Стемнело. Тихо-тихо стало кругом, будто и не было ничего. Ни стрельбы, ни смертей. Только ракеты взлетают там-сям, да зарево впереди. На другой день опять стреляли мы с Панкрушихиным по немцам, что к нам подобраться пытались, пока патроны не вышли.
Глянул на часы, хотел время посмотреть и бойцу своему приказ на отход дать, а часов моих – хорошие были часы, в Москве покупал – нету, пулей срезало и руку оцарапало, кровь. А я и не заметил даже когда цапануло. Окрестила меня, значит, война. И тут слышу сзади:
– Товарищ лейтенант, товарищ лейтенант!
Оглянулся, боец с нашей стороны бежит. Машу ему рукой, чтоб лег, подстрелят. Подползает, докладывает:
– Товарищ старший лейтенант командуют вам отступать.
Опять мне обидно стало. Наши оказывается здесь, поблизости, а к нам на помощь подкрепления не прислали. Нельзя же так воевать. Ни по тактике, ни по совести. Ладно. Вышли к своим и пулеметы даже вытащили, а там меня похоронили уже, решили, что погиб. Стали отступать.
Мы к тому времени уже в окружении были, оказывается. Пока мы с Панкрушихиным из «Максимок» тыркали, немцы уже далеко на восток продвинулись. А насколько и не знал никто. Потопали и мы на восток, к своим.
Никто нас не кормил, командования тоже никакого. Соберут, бывает, в лесу, перепишут всех, распределят по ротам и взводам, а утром встаешь – уже нет никого, разошлись. Выручали нас местные жители, белорусы, русские – к востоку дальше все больше русских деревень попадалось, – а то бы с голоду перемерли все. Так и то, зайдешь в деревню, попросишь поесть, а хозяйка чуть не плачет:
– Ну, нету, родные, ничего. Впереди вас уже сколько солдатиков прошло.
Хорошо, если пшеница есть. Тогда запарят ее в чугунке в русской печи, так хоть живот набьешь. А от поляков, их там тоже много жило, одно слышали:
– Ниц нема. Нету, мол, ничего.
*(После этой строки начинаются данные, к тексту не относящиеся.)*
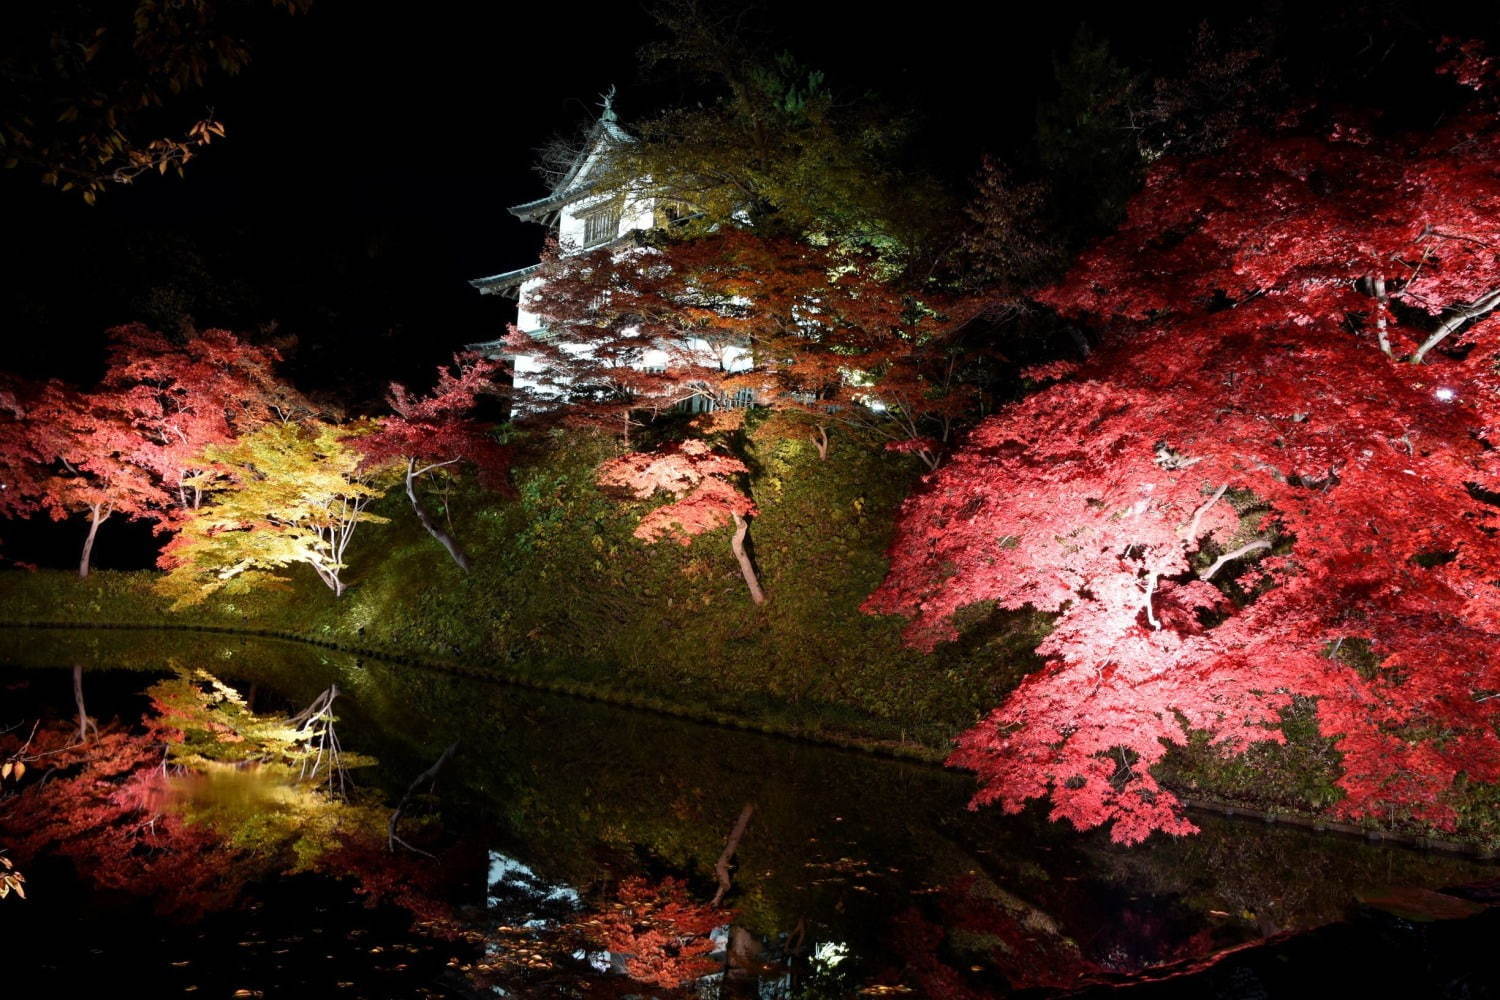 弘前城 菊と紅葉まつり 青森 弘前公園で 1 000本の楓 2600本の桜のライトアップも ファッションプレス

Не больно они нас жаловали да и жили то совсем небогато, и захотели б много не дали. А были и такие, что русских, советских по-настоящему ненавидели. В одной деревне ксендз, поп польский по нам с колокольни огонь из пулемета открыл. Хорошо, с нами парень был сержант, снайпер, он его оттуда сковырнул. Я тогда подумал еще, помню: «Ничего. Если задержится тут немец, хоть ненадолго он вам порядок наведет такой, что еще слезками по нам плакать будете». А уж плакали они по нам или нет, того не знаю. Нам тогда своих слез хватало…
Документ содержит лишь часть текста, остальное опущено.